# MAF plate thing?



## cyclegrip (Dec 3, 2006)

Where is that thing that you put in the MAF to get rid of the code? Where can I buy one I guess, and does it really work? I got my first CEL from my intake 20k after I put it on. Had it cleared today and it came right back. 
Threw 3 codes, is that the norm with an intake?


----------



## TylerO28 (Jul 7, 2008)

*Re: MAF plate thing? (cyclegrip)*

order a maf insert from 20squared its AWESOME! no codes whatsoever! and it was easy (for me) to install i don't know your technical abilities but its pretty straight forward! OR i can sell you my carbonio intake ring.. it works too just puts your fuel trims kinda out of whack! let me know!


----------



## IJSTROK (Oct 2, 2007)

*Re: MAF plate thing? (cyclegrip)*

It's a sticky, the second post down in this forum and yes it works.
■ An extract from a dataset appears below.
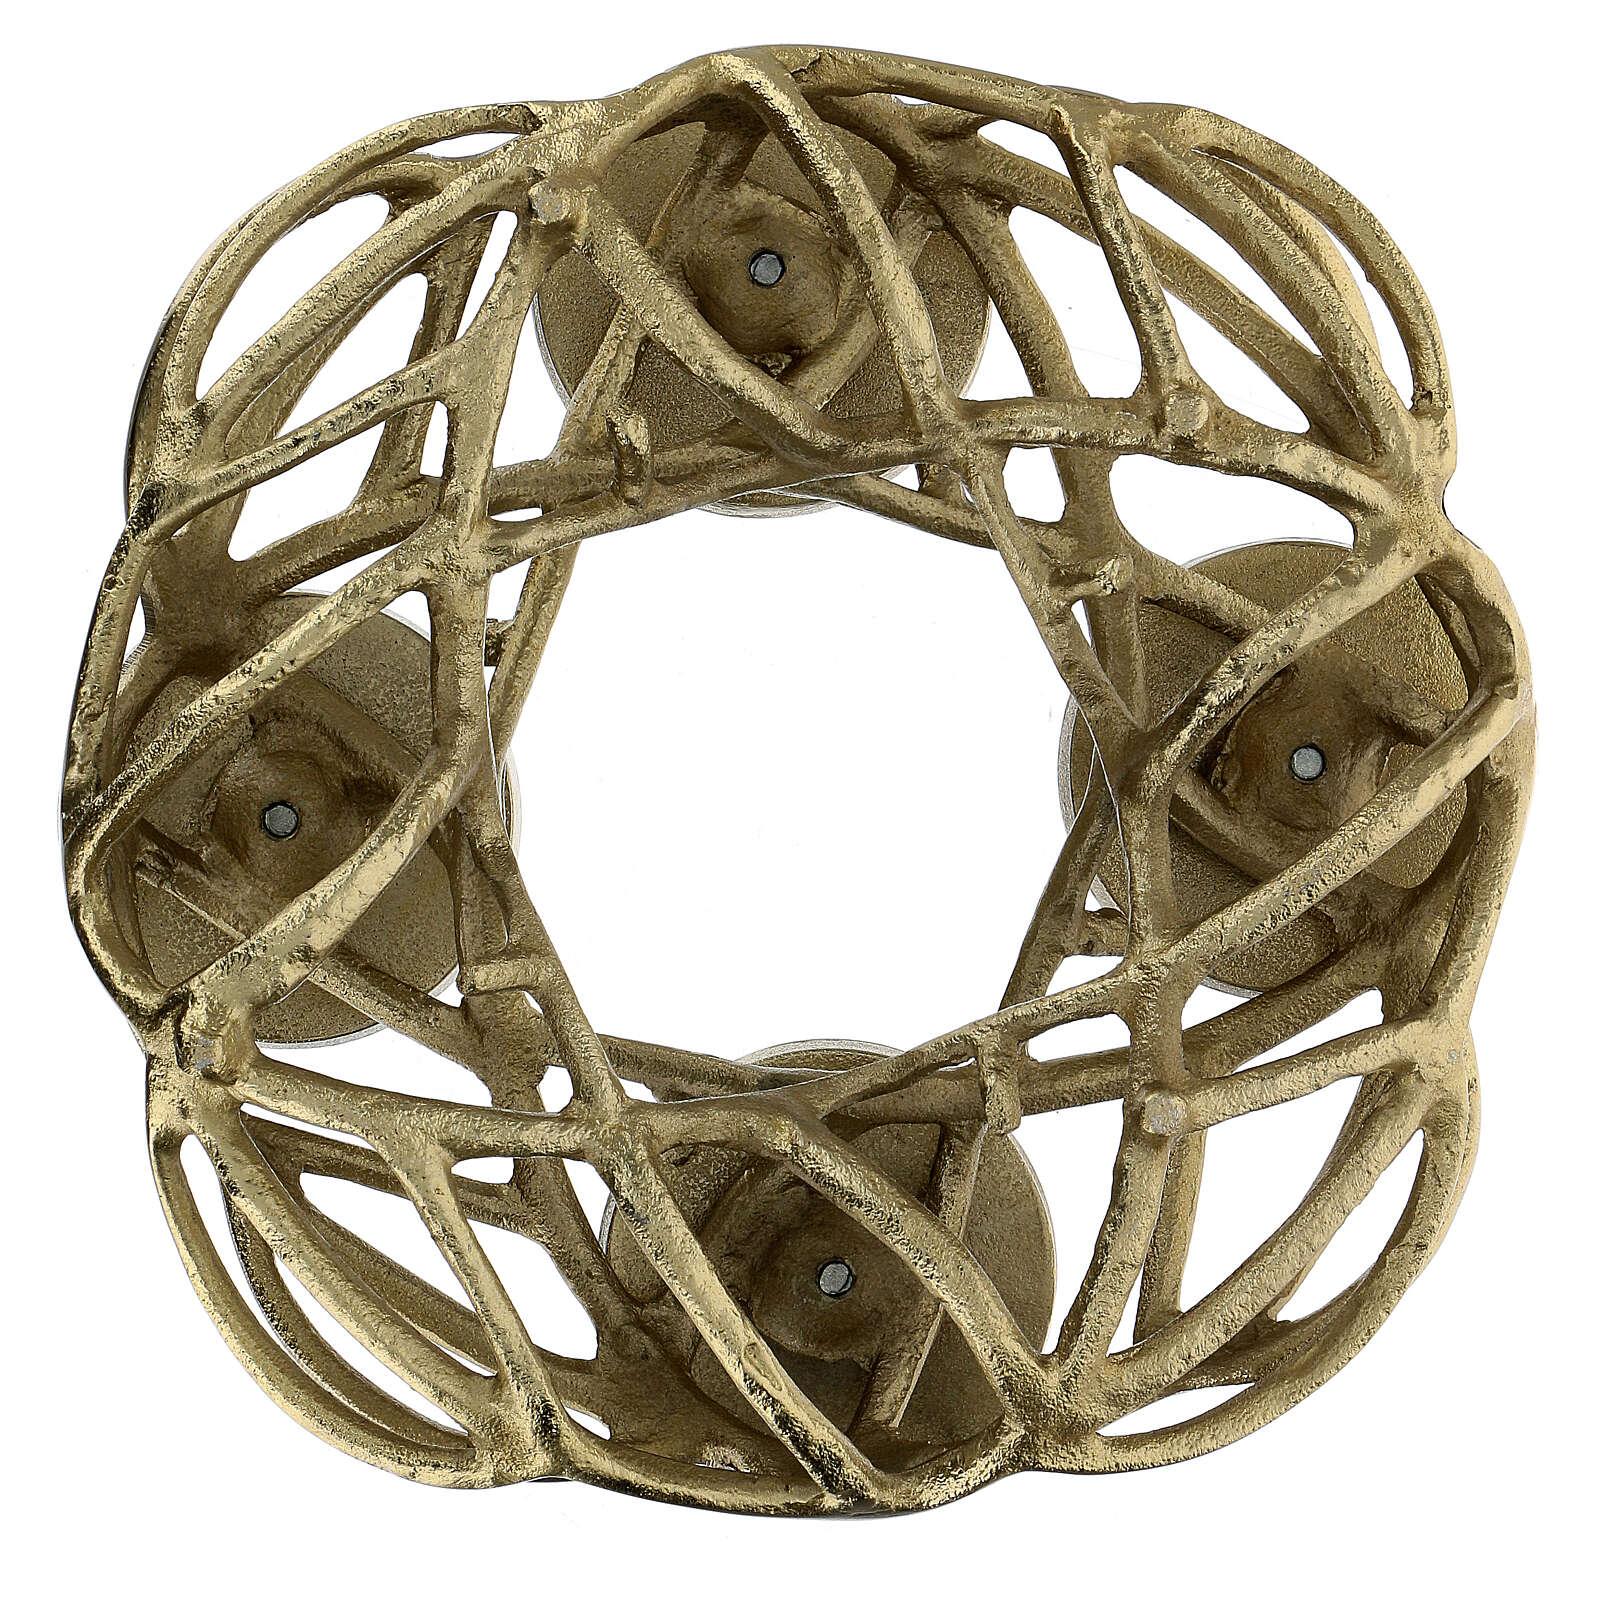 Corona Avvento metallo dorato  3

I got one of the originals form sharons03jetta and I haven't had a CEL since.
Three codes don't sound right and if the codes are from the intake it doesn't make sense that they came 20k miles after you installed the intake. Mine came on after about 25 miles. Maybe it came loose? I would check and make sure everything's tight. 
What were the codes and which intake? That would probably help...


----------



## cyclegrip (Dec 3, 2006)

*Re: MAF plate thing? (IJSTROK)*


_Quote, originally posted by *IJSTROK* »_What were the codes and which intake? That would probably help...
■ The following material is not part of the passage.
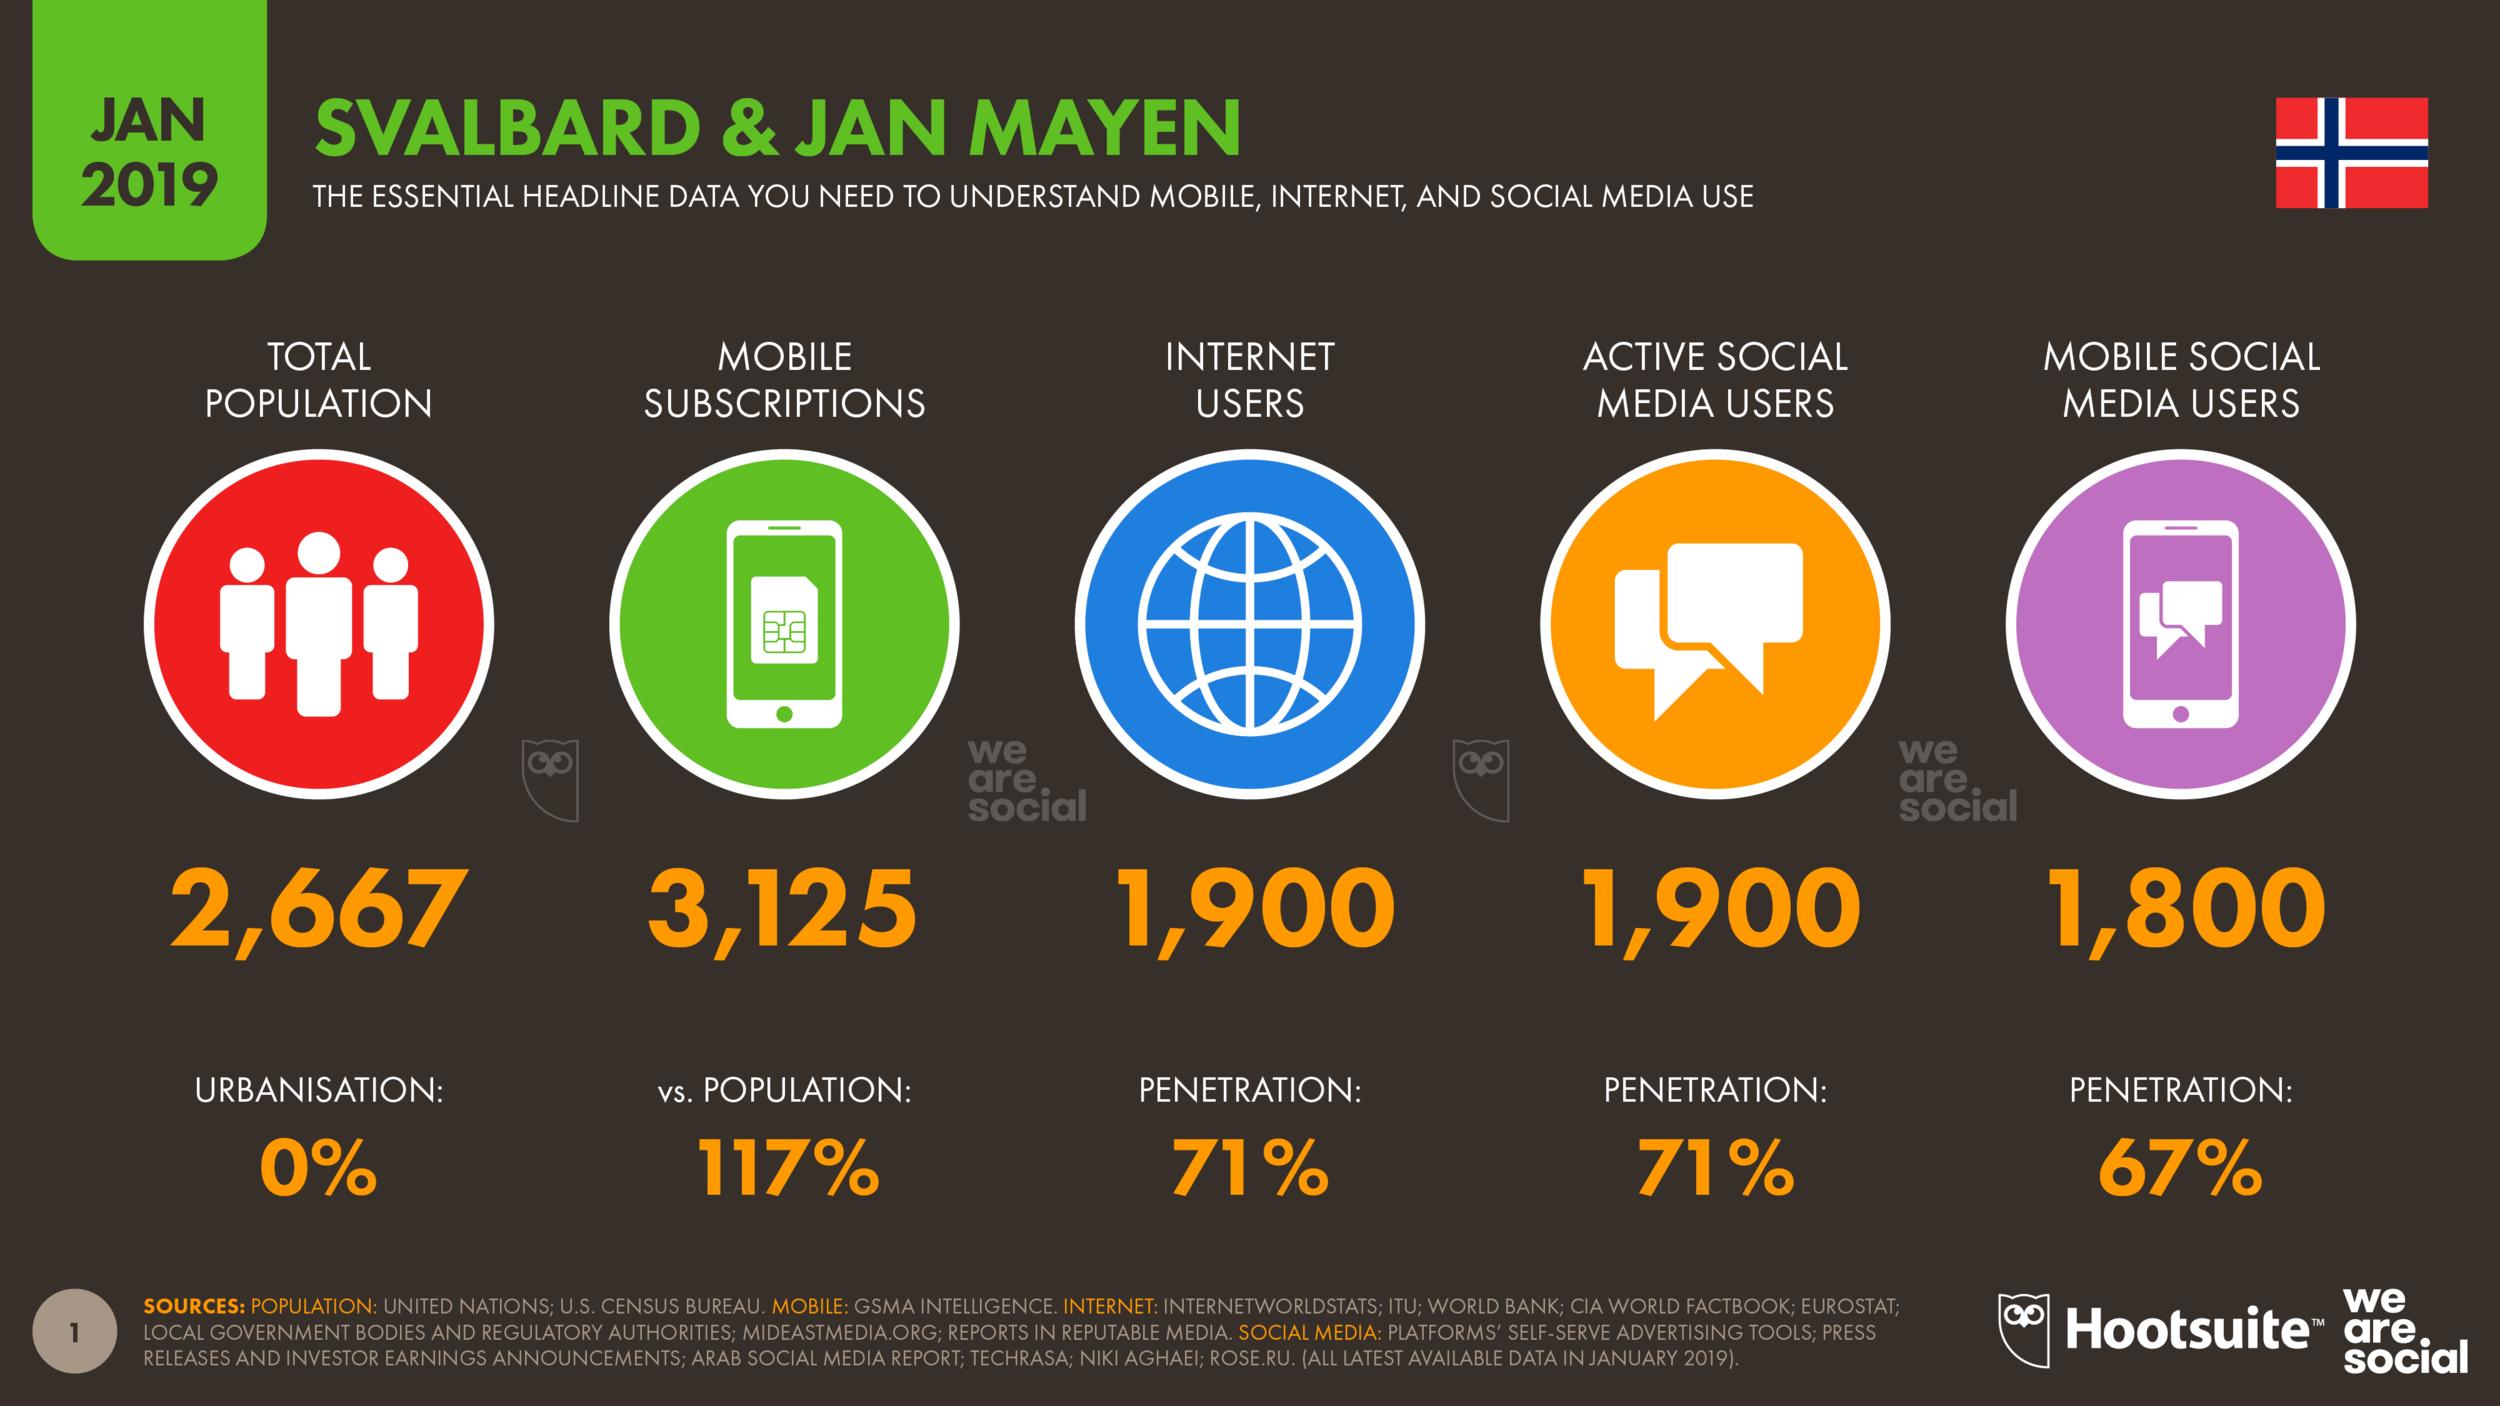 Digital 2019 Svalbard & Jan Mayen January 2019 DataReportal

I have the LNT CAI, I can't remember the codes off the top of my head
one was G70 implausible something
another was s.a.i.s incorrect flow and the other one was maf/map some other stuff if that helps any. I can get the codes when I get home


----------



## blackoutjetta (Jul 3, 2006)

*FV-QR*

i just ordered one, i have abd racing intake and the same thing happened to me, it came on after about 20,000 miles. I hope it works. does anyone have pictures of it installed. how does it work? Do you slip it over the stock black maf?
http://www.20squared.com/product_p/5.11.255.htm


----------



## [email protected] (Dec 5, 2005)

*FV-QR*

Our MAF insert slips inside of the MAF housing. Here are pictures of it installed.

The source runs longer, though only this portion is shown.